Score resolution: standalone (the default), the engine blocks bot.score when score ≥ score_threshold (requires score_threshold > 0). With emit_score: true it instead contributes the score to the policy-wide anomaly aggregator and never blocks on its own — several weak signals across engines can then cross anomaly_threshold together. Hard-block layers always block regardless of emit_score.

Envoy prerequisites

  • Verified-crawler checks key on the trusted source IP: run Envoy with use_remote_address and set --xff-trusted-hops to the exact trusted-proxy count, or an impersonator can spoof its way into a crawler's range. See Envoy wiring.
  • The JA3/JA4 layer depends entirely on Envoy. Envoy must compute the TLS fingerprint and forward it in the configured request header (x-shield-ja4 / x-shield-ja3 by default) — and strip any client-supplied copy of those headers. If Envoy doesn't set the header, all JA-based layers silently no-op; if it doesn't strip client copies, a client can clear or forge the value to dodge deny_ja4 / score_ja4.

Verify

A normal browser-like request passes:

curl -i http://shop.example.com/ \
-H 'User-Agent: Mozilla/5.0' -H 'Accept: text/html' \
-H 'Accept-Language: en' -H 'Accept-Encoding: gzip'
# HTTP/1.1 200 OK

A denied UA is hard-blocked (in mode: block):

curl -i http://shop.example.com/ -A 'sqlmap/1.7'
# HTTP/1.1 403 Forbidden <- bot.ua_deny

A crawler impersonation is hard-blocked (UA claims Googlebot from a non-Google IP):

curl -i http://shop.example.com/ -A 'Googlebot/2.1'
# HTTP/1.1 403 Forbidden <- bot.impersonation:googlebot

In mode: detect these appear in detections_total and findings_total{engine="bot"} instead.

Gotchas

warning

JA3/JA4 protection is useless unless Envoy supplies the fingerprint header — and strips client-supplied copies. Without the Envoy side, the TLS layers silently no-op (no false blocks, but no protection either), and without stripping, the header is attacker-writable.

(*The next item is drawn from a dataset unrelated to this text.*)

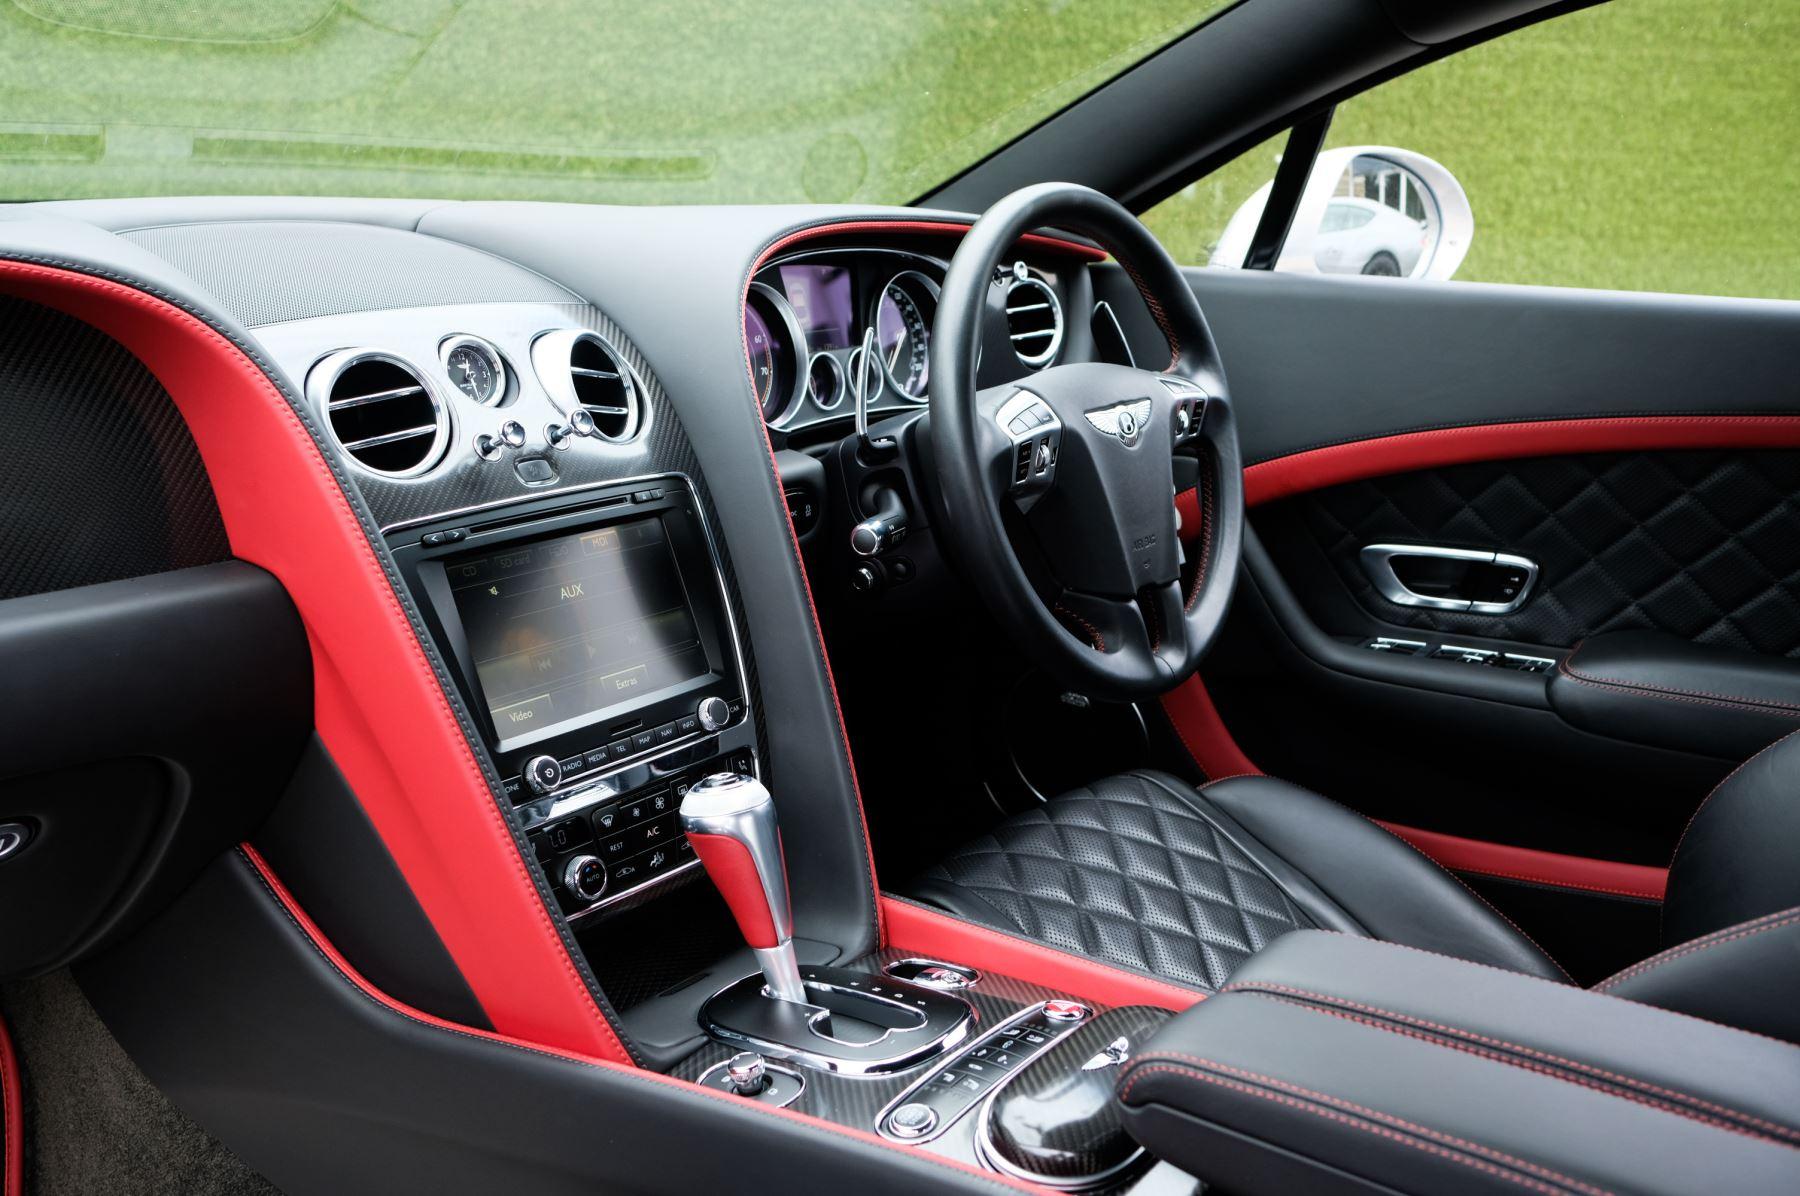 Bentley Continental GT 6.0 W12 [635] Speed - Premier Specification - Carbon Fibre Fascia Panels image 12

  • Verified-bot feeds are trusted files — whoever writes them could whitelist their own IP for an impersonated crawler UA. Treat feed distribution as part of your trust boundary.
  • A score layer with neither score_threshold > 0 nor emit_score: true is rejected at load — the score could never act.
  • Start in detect mode and size score_threshold from real traffic before enforcing — see Modes & Fail Postures.

Related engines: IP reputation, Rate limiting.